ROME.- Palazzo delle Esposizioni in Rome presents from April 30th until September 13th the exhibition David LaChapelle, After the Deluge curated by Gianni Mercurio. The exhibition promoted by Roma Capitale Assessorato alla Cultura a Turismo and produced in collaboration with Azienda Speciale Palaexpo, Madeinart and David LaChapelle Studio is one of the most important and biggest retrospective dedicated to the great American artist and photographer.
There are more than 100 works on view, some presented for first time in a museum including many large-scale works.
The exhibition focuses on the works realized by the artist starting from 2006, when he produces the monumental series titled The Deluge, which leads to a meaningful turning point in the artistic path of David LaChapelle.
Through the realization of The Deluge, modeled after Michelangelos impressive fresco in the Sistine Chapel, the artist returns to conceiving works with the unique purpose to exhibit in art galleries and in museums. After The Deluge, the American photographer begins to produce artwork with new aesthetical and conceptual concerns.

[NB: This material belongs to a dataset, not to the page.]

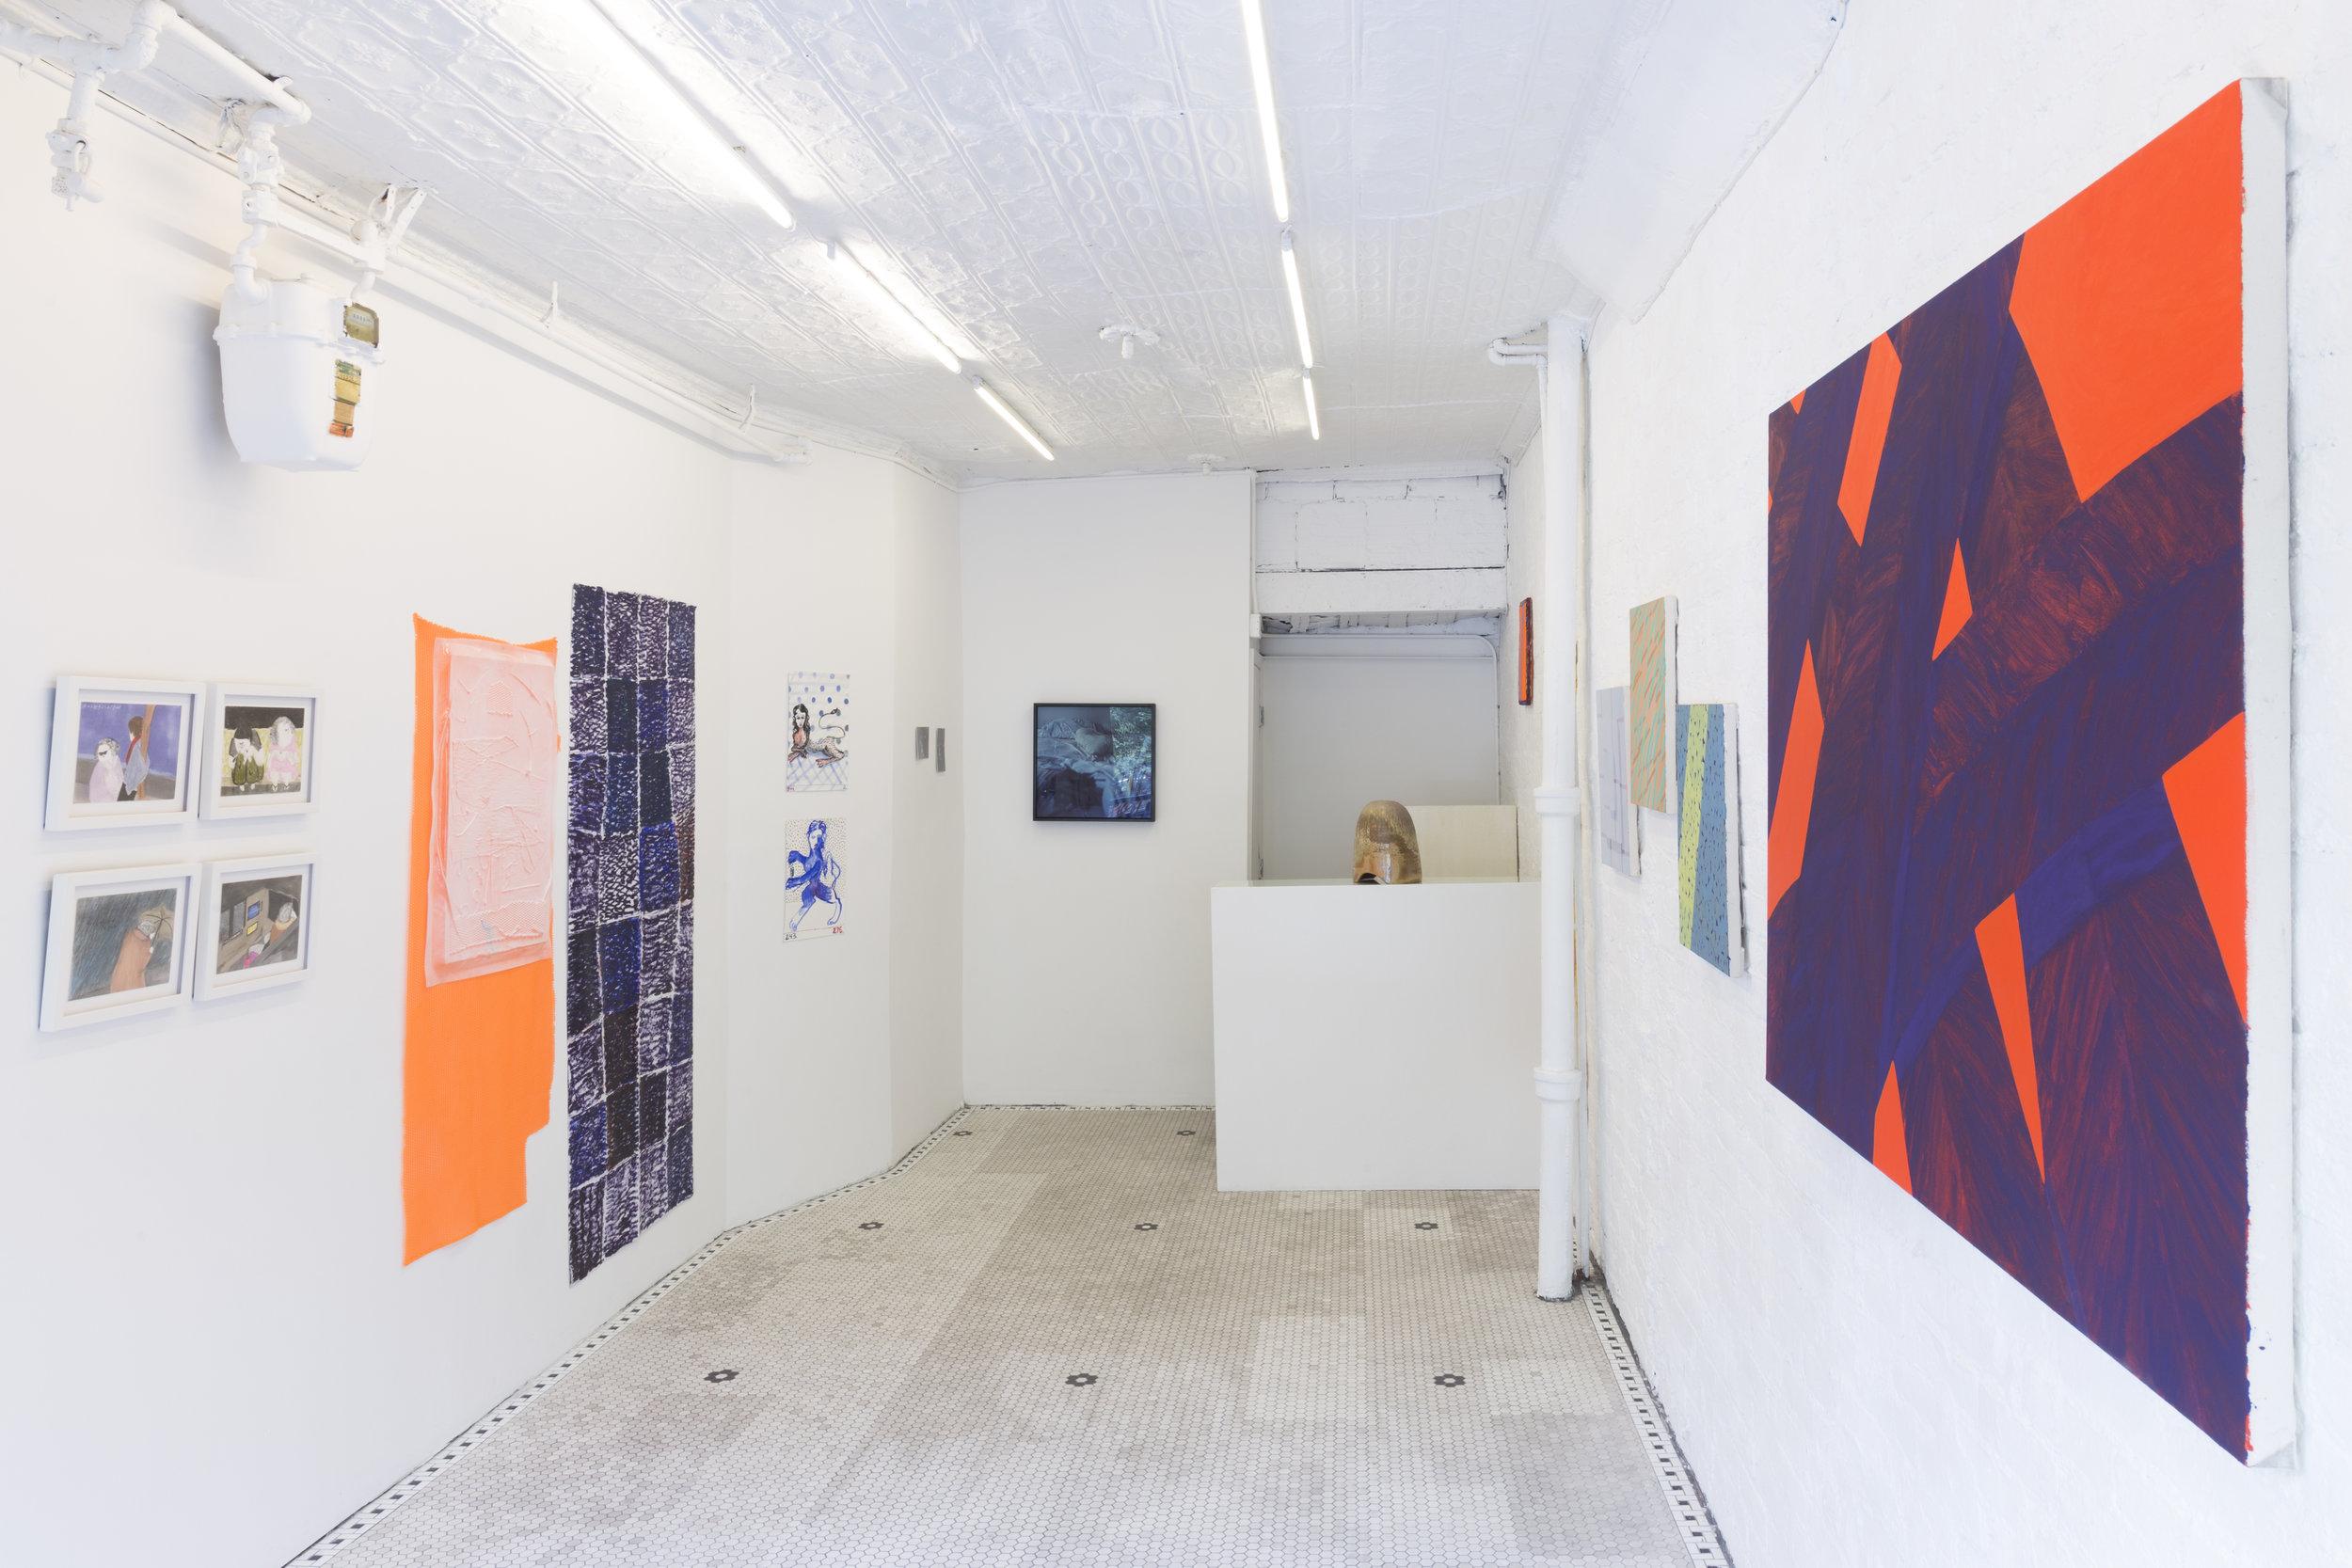 Installation view of First Year at 17 Essex in NYC, 2017. Photo credit: Kirsten Kilponen. Courtesy 17 Essex, New York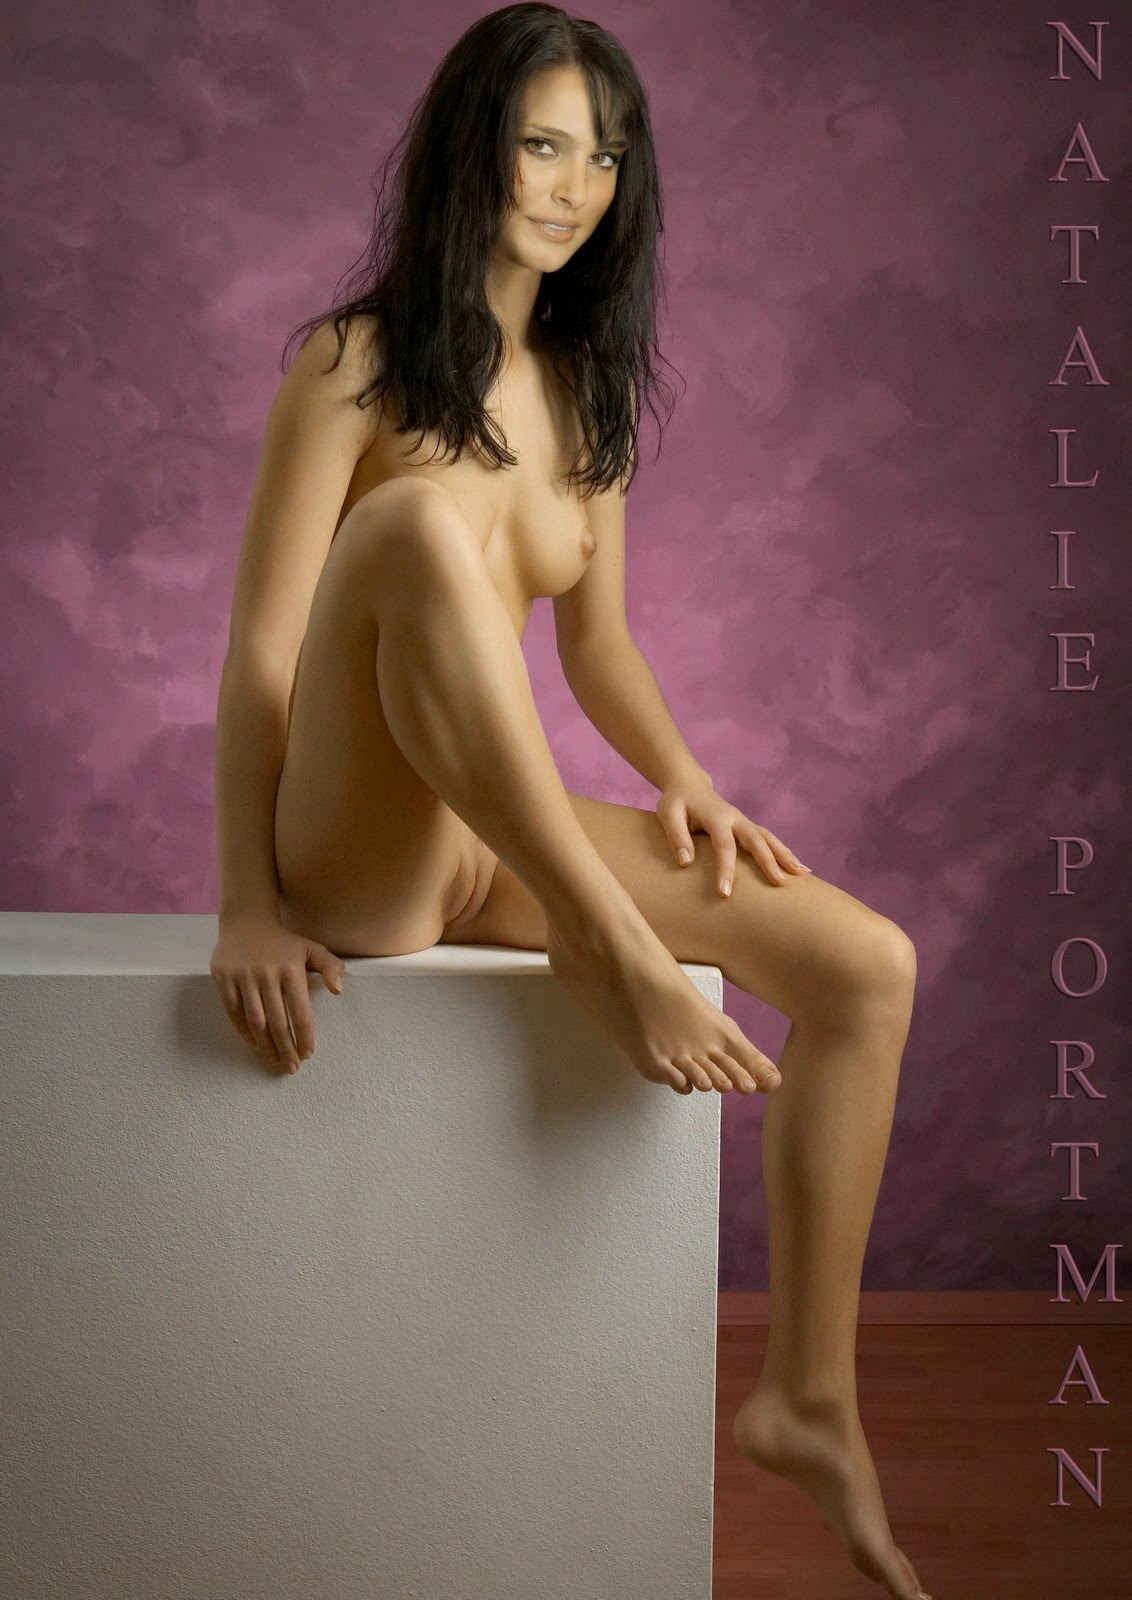 Natalie Portman Sexi Naked Pics  Topless Big Boobs-3858

As written in the curators essay: the most evident sign of the change is the vanishing of the human presence in the serial works: the living models, that in all the previous works (the only exception is The Electric Chair, 2001, personal interpretation of Andy Warhols famous artwork) have had a central part in the composition and in the message embodied by the image, disappear. The Car Crash, Negative Currencies, The Earth Laughs in Flowers, Gas Stations, Land Scapes, up to the most recent Aristocracy series, follow this new aesthetic choice: LaChapelle resoundingly deletes the flesh, what was the previously identifiable element of his art.
To allow the public to know the "origins" of LaChapelle work before The Deluge, the exhibition also includes a selection of some of the most renowned and loved photos that made him famous, realized during the decade between 1995 and 2005. A body of work that gathers all the portraits of celebrities, from music to fashion and movies, scenes based on religious themes with surrealistic touches, references to masterpieces of art history and cinema, an artistic production defined by the chromatic saturation and movement, with which the American photographer reached his particular aesthetical style and influenced many artists of the following generations.
In the exhibition there is also a projection space dedicated to the backstage videos, which, describing the composite process of photo sets construction, clearly reveal as that the artists role is extended also to direction and scenic design of his own photos.
Also presented are some of the most meaningful documentary and music video, starting from Rize, shot in the streets of South Central, Los Angeles and awarded at the Sundance Film Festival, up to Take Me to Church, with the amazing ballet dancer Sergei Polunin, one of the most viewed videos on the web.
David LaChapelle is today one of the most famous and appreciated photographers in the world. Born in Fairfield, CT in 1963, he embraced a post-pop style, in some way surrealist, which makes him unique in the world.
His artworks are exhibited in the most important public and private international collections and in many museums, among those: Musée DOrsay, Paris; the Brooklyn Museum, New York; the Museum of Contemporary Art, Taipei; the Tel Aviv Museum of Art, Tel Aviv; Los Angeles County Museum of Art (LACMA), Los Angeles; The National Portrait Gallery, London; Fotografiska Museet, Stockholm e The National Portrait Gallery a Washington DC. David LaChapelle lives and works in Los Angeles and Hawaii.